Figure 1 presents the base test performances across the ten baseline LLMs, highlighting significant headroom for improvement in all domains and validating the datasets’ discriminative power.
Counting Problems
- Training Dynamics: Easy-100 exhibits pronounced instability, with a collapse in validation performance and abnormally high gradient norms after step 150.





Figure 2: Counting—Training and validation reward curves for easy and mixed training. Easy-100 shows post-150 step collapse.
- Generalization: Easy-trained models specialize on easy test items but fail to generalize; mixed-trained models deliver balanced performance across all difficulty levels.





Figure 3: Counting—Easy-trained models (left) lack generalization; mixed-trained models (right) maintain stable cross-difficulty accuracy.
Figure 5: Reward component breakdown. Correctness drives reward collapse in Easy-100.
- Sample Efficiency: Training on 100 mixed-difficulty samples rivals or exceeds the test accuracy of 500 easy-only samples, demonstrating up to 5× greater sample efficiency. This contradicts monotonic scaling laws observed in classical supervised fine-tuning, implying that data composition is more critical than simple volume in low-resource RLVR.
Graph Reasoning
- Optimization Limits: Both easy and mixed models make modest accuracy gains but are severely constrained on medium/hard problems. Mixed sets with larger and more complex graphs are prone to incomplete rollouts and output truncation due to token limits, suppressing positive reward learning. Extraction failures dominate unsuccessful attempts.
- Scaling Trends: No strong accuracy gains from scaling dataset size; stable improvement is seen only for easy-mode runs at larger sizes. This suggests token budget and sequence length are dominant constraining factors, outweighing the effect of data scale or diversity.
Spatial Reasoning
Practical Implications and Theoretical Insights
Data Regime Engineering
The results consistently show that, in low-resource RLVR, diversity in data composition (spanning empirical difficulty tiers) is substantially more impactful than sheer data volume. Strategic curation of small but diverse datasets can deliver disproportionate gains in sample efficiency and generalization.
Compute and Token Budget Bottlenecks
Performance gains from dataset scaling sharply diminish when training steps and generation lengths are limited.

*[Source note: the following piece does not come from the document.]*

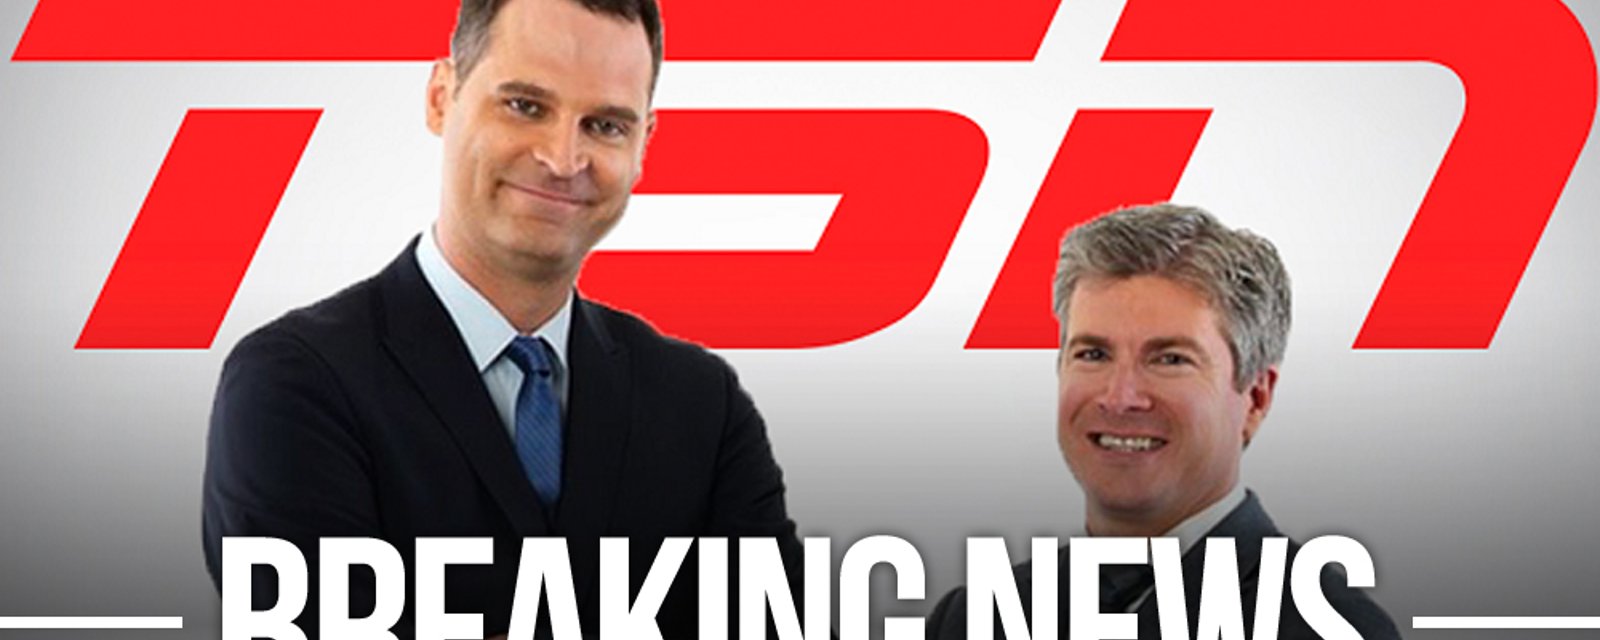 Dan O'Toole unloads on Bell Media after being fired from TSN.

This is strongly evidenced in Graph Reasoning, where incomplete rollouts due to sequence truncation eclipse any advantage from broader data exposure.
Scaling Laws Deviations
Observed non-monotonic or inverted-U scaling with respect to data size (under fixed compute) stand in stark contrast with canonical scaling laws derived for supervised LLM training. This suggests the need for theory explicitly modeling the interaction of optimization budget, reward structure, token/context limits, and difficulty diversity, possibly guiding a future taxonomy of “budget-aware” RLVR scaling.
Future Directions
A formalization of empirical scaling laws relating RLVR performance to data regime, model size, reward sparsity, and optimization budget is warranted. Techniques to adaptively allocate token and optimization resources, as well as exploration of transfer from procedural to naturalistic data, are promising avenues. Validation at larger LLM scales and broader investigation of curriculum and selection heuristics informed by the findings here are merited.
Conclusion
This work systematically characterizes RLVR efficiency for SLMs under strictly limited data and compute, via controlled experiments on procedurally varied reasoning benchmarks. The core findings are: (i) in low-data regimes, diverse (mixed-difficulty) data unlocks substantial sample efficiency, strongly outperforming easy-only data of far greater size; (ii) classical scaling assumptions break down under RLVR and low compute; and (iii) practical limits are often imposed not only by data, but by optimization budget and token constraints. The paper’s results and datasets inform both immediate practice for low-resource RL modelers and the design of principled scaling laws for RLVR post-training.
References:
“Learning from Less: Measuring the Effectiveness of RLVR in Low Data and Compute Regimes” (2604.18381).